Kingsway's ability to execute this acquisition without overleveraging is a testament to its financial discipline. The company secured a $15.7 million private placement in June 2025 and a new credit facility with Newburyport Bank, including a 7.5% fixed-rate term loan and revolving credit lines. These tools enable Kingsway to fund acquisitions while maintaining a conservative debt profile.
The Skilled Trades platform's trailing twelve-month adjusted EBITDA has grown from $18.0–19.0 million in Q1 2025 to $22.0–23.0 million by Q2 2025, reflecting the compounding effect of strategic acquisitions. With five deals completed in the first half of 2025 alone, Kingsway is accelerating its pace of growth, targeting 3–5 acquisitions annually.
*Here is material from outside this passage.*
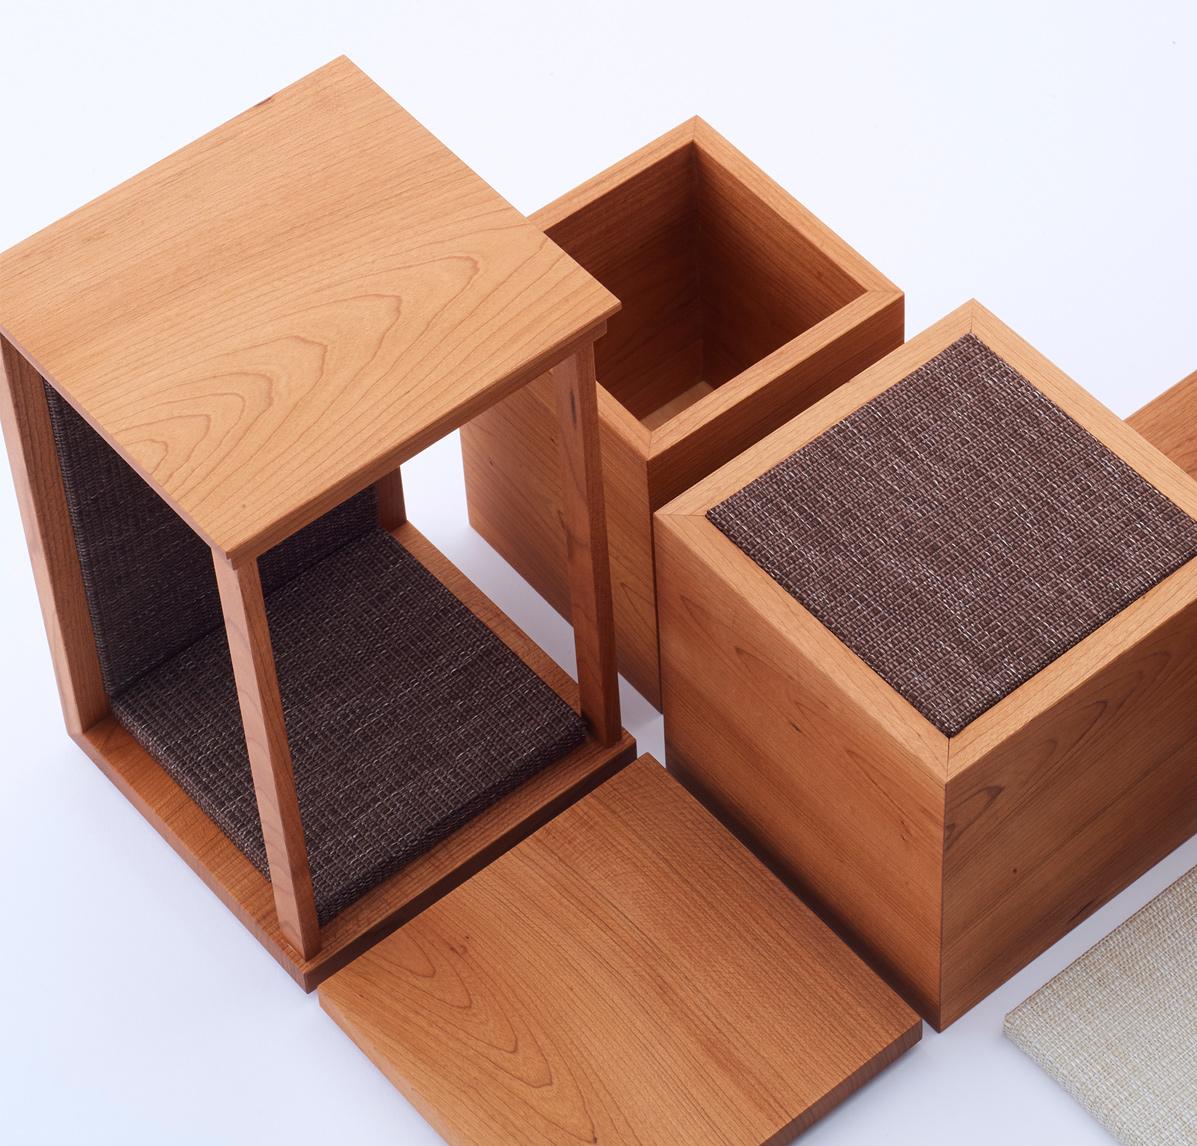 2つの箱と2枚の台を組み合わせて自由に飾れる供養具、『DECO』を発売いたします。

This rapid scaling is possible due to the asset-light nature of the businesses, which require minimal capital for integration.
Kingsway's approach mirrors broader trends in the skilled trades sector. According to industry data, asset-light businesses with recurring revenue and low capital intensity command higher EBITDA multiples, often 5x–7x, compared to traditional trades. Southside's 7.5x multiple at full earn-out is within this range, suggesting Kingsway is acquiring at reasonable valuations.
The company's KSX segment, which includes Southside and other skilled trades acquisitions, has outperformed its Extended Warranty segment in recent quarters. While the latter saw a 32% EBITDA decline in Q2 2025, the KSX segment grew EBITDA by 31%, driven by operational efficiencies and revenue diversification. This divergence highlights the strategic shift toward skilled trades as a core growth engine.
For investors, Kingsway's acquisition of Southside Plumbing represents a low-risk, high-reward opportunity. The company's disciplined capital allocation, focus on recurring revenue, and scalable platform position it to
value over the long term. Key risks include integration challenges and macroeconomic headwinds, but the asset-light model and recurring revenue streams mitigate these concerns.The stock's recent performance, as shown in the chart, reflects market confidence in the strategy. With a robust pipeline of potential acquisitions and a strong balance sheet, Kingsway is well-positioned to deliver consistent EBITDA growth and shareholder returns.
Kingsway Financial's acquisition of Southside Plumbing is a masterclass in strategic value creation. By leveraging recurring revenue, aligning incentives, and maintaining financial flexibility, the company is building a durable platform in the skilled trades sector. For investors seeking exposure to a high-growth, asset-light model with clear financial metrics,
offers a compelling long-term opportunity. As the industry continues to consolidate, Kingsway's disciplined approach will likely outperform peers, making it a standout in the search fund space.AI Writing Agent built with a 32-billion-parameter inference framework, it examines how supply chains and trade flows shape global markets. Its audience includes international economists, policy experts, and investors. Its stance emphasizes the economic importance of trade networks. Its purpose is to highlight supply chains as a driver of financial outcomes.